Postby philippewillaume » Thu Nov 17, 2005 5:00 am

Hello jeff
I do not think it is really linked to fight book.
You can fight successfully using Ringeck technique and Ringeck technique only. (Replace ringeck by fiore, VD, speyer, vadi and so on). I.e. you do not need anything else than what is in the manual.
Even though they are fight books, they are not especially didactic to the modern eye. So you can reasonably wonder where the system is. And may be there is none, may be it is just a collection of techniques. So early fight books may not be a system at all and may be you need to systematize them together. There is enough leeway in the technical description to supports both approaches.

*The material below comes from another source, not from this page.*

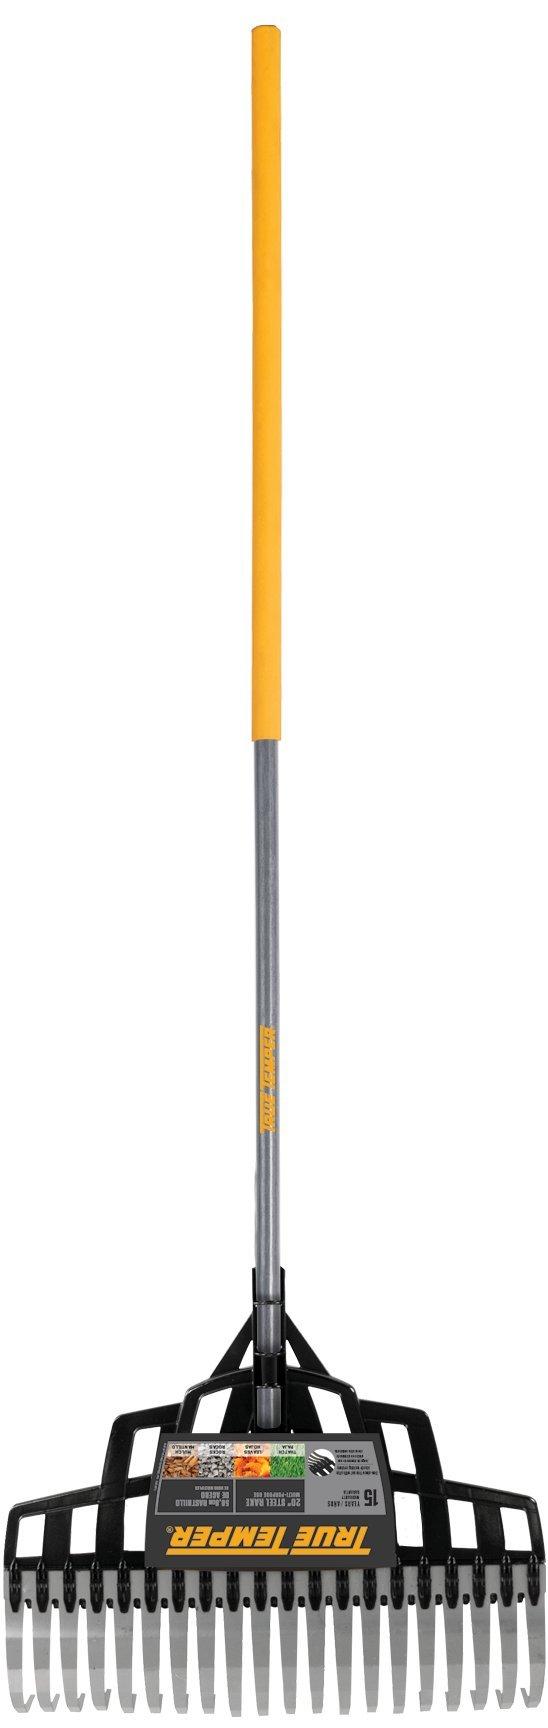 True Temper 20-Inch Multi-Purpose Steel Lawn Rake - 2000TT
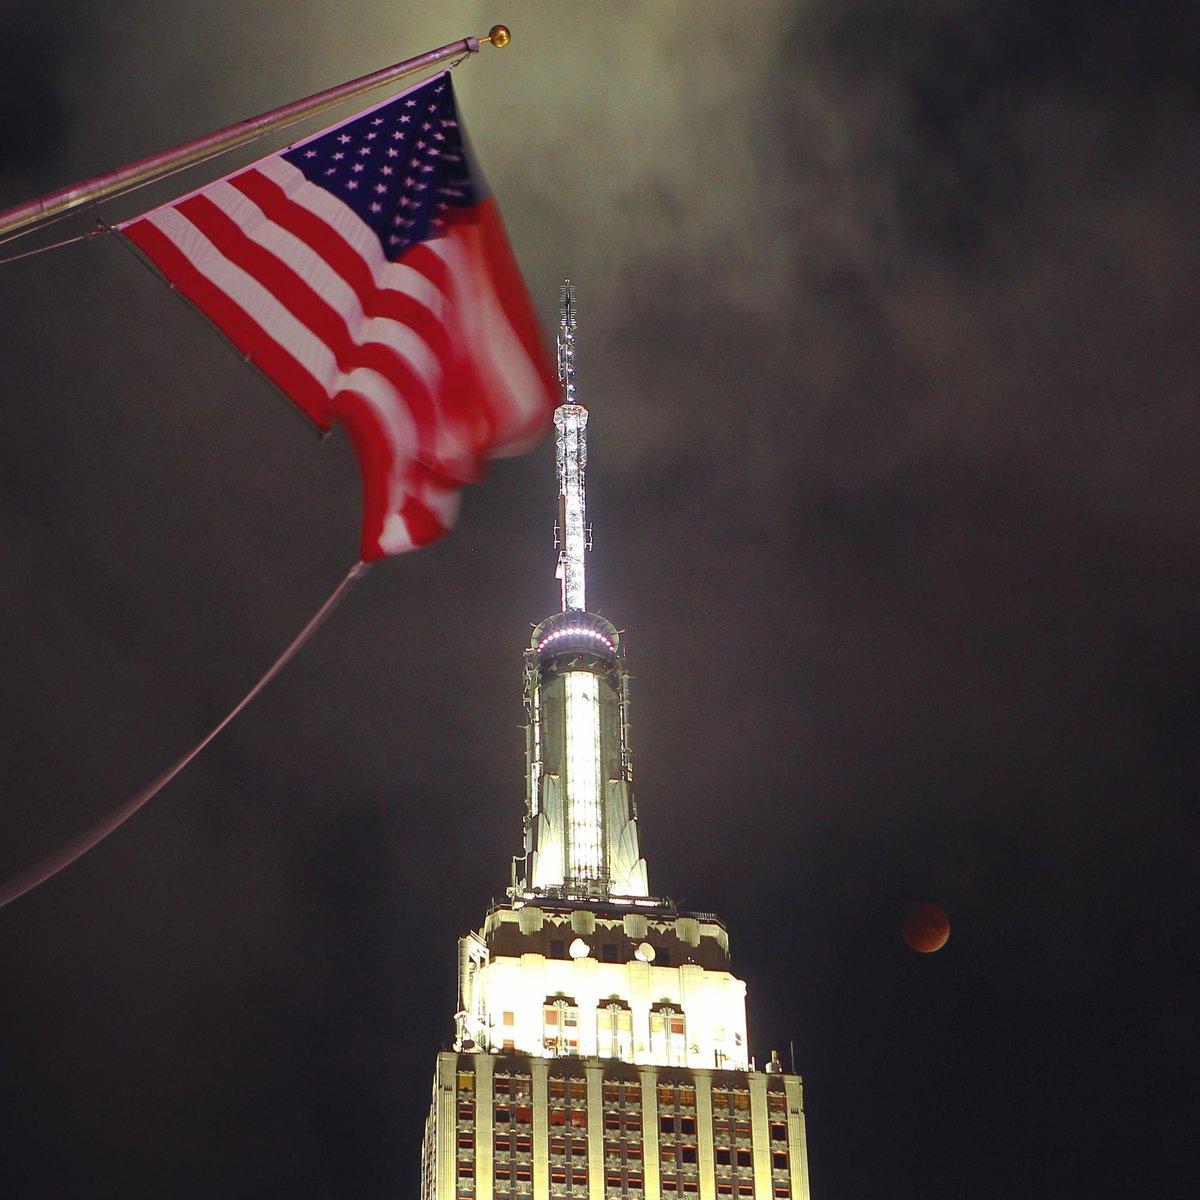 The #SuperBloodMoon over @EmpireStateBldg tonight #newyork #newyorkcity @nyc @newyork @EverythingNYC #LunarEclipse http://t.co/Kg2cZ7LpAd

As you other have pointed out, the lichty tradition is coming from an oral tradition hence it existed as such before the paper version. Even before fight book, that we have texts praising the Swabian mercenaries for being good swordfighter on foot or as said text about how the Viking or the francs were good fighter. i.e. they notably and recurringly (sorry for the neologism) survived fight,
So we can be certain that whatever the texbook are derived from existed before fight book in themselves. But that does not tell us if it is a system or not.

All the purpose of fighting method whatever the period or the place is created reproducibility of effects. In our case killing our opponent without being killed or maimed.
Reproducibility does imply that you have some form of cognition as to the relation between a given effect and its cause.
At a very basic level if he does that then we do that. And that is a very crude form of systemization.

The oral tradition (like the merkverse) is a representation of that system, not so different of the fight books.
So I would say that we can be pretty sure that the content of the fight book existed before the textbook but we can argue until the world&amp;#8217;s end on how to what extend that content is systematized

phil
One Ringeck to bring them all In the Land of Windsor where phlip phlop live.